For the third quarter, the Zacks Consensus Estimate for revenues is pegged at $26.57 million, suggesting a rise of 21.32% from the year-ago quarter's reported figure.
The consensus mark for earnings has been unchanged at 6 cents in the past 30 days. The company had reported loss of 1 cent in the year-ago quarter
Asure’s earnings beat the Zacks Consensus Estimate in all the trailing four quarters, the average surprise being 676.39%.
Let’s see how things have shaped up for the upcoming announcement.
Factors to Note
ASUR has been benefiting from strength across its primary end markets, including HR compliance and Employee Retention Tax Credit (ERTC) solutions. The demand for its solutions has been strong and the momentum is expected to have continued in third-quarter 2023.
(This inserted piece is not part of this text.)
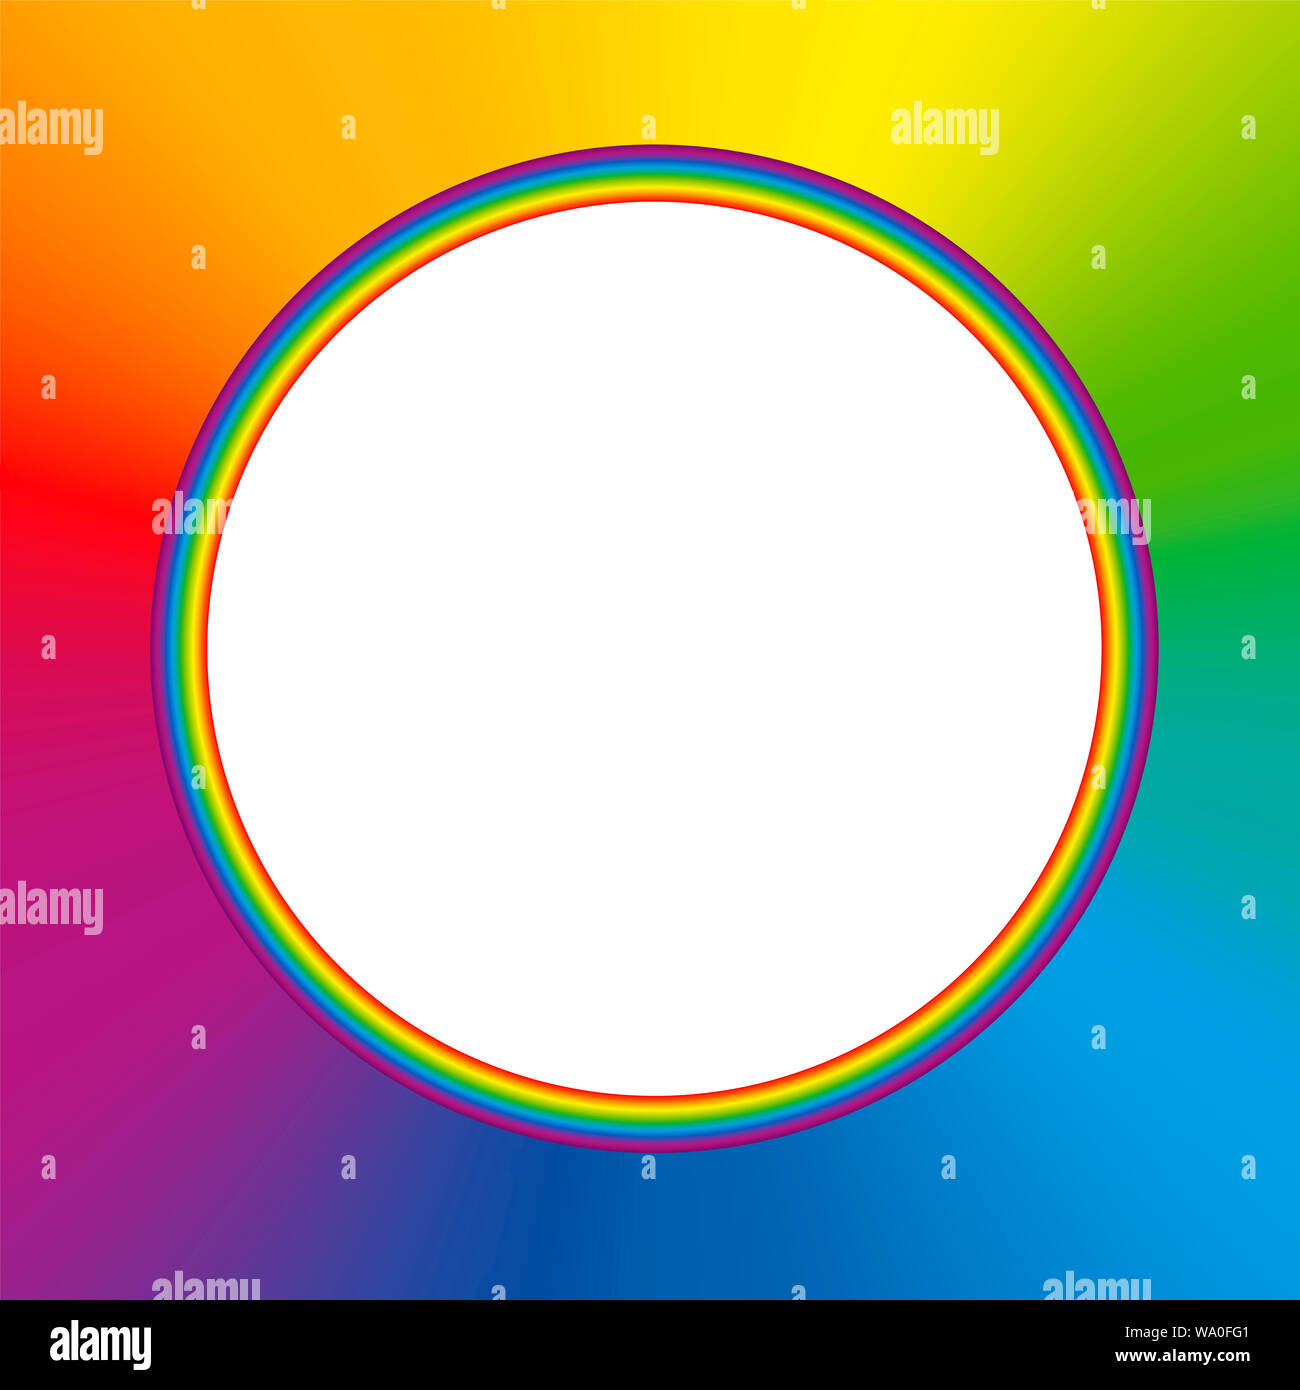 Color arcobaleno cornice rotonda con colorati rainbow gradiente dello sfondo bianco e centro vuoto. Foto Stock

Asure’s ongoing investments in digital marketing are expected to have fueled productivity in the quarter to be reported.
Asure’s third-quarter 2023 performance is expected to have benefited from an increase in revenues generated by the annual preparation of federal reporting regarding employee employer reporting of W-2 Income and ACA compliance.
The company continues to pursue consolidation and standardization initiatives to improve cost structure. Its integration with Equifax is expected to have aided the adoption of Asure’s solutions. These factors are likely to have driven its third-quarter top line.
However, persistent macroeconomic uncertainty and a dynamic labor market have been significant headwinds and are expected to have hurt Asure’s top-line growth.
What Our Model Says
Per the Zacks model, the combination of a positive Earnings ESP and a Zacks Rank #1 (Strong Buy), 2 (Buy) or 3 (Hold) increases the odds of an earnings beat. But that is not the case here.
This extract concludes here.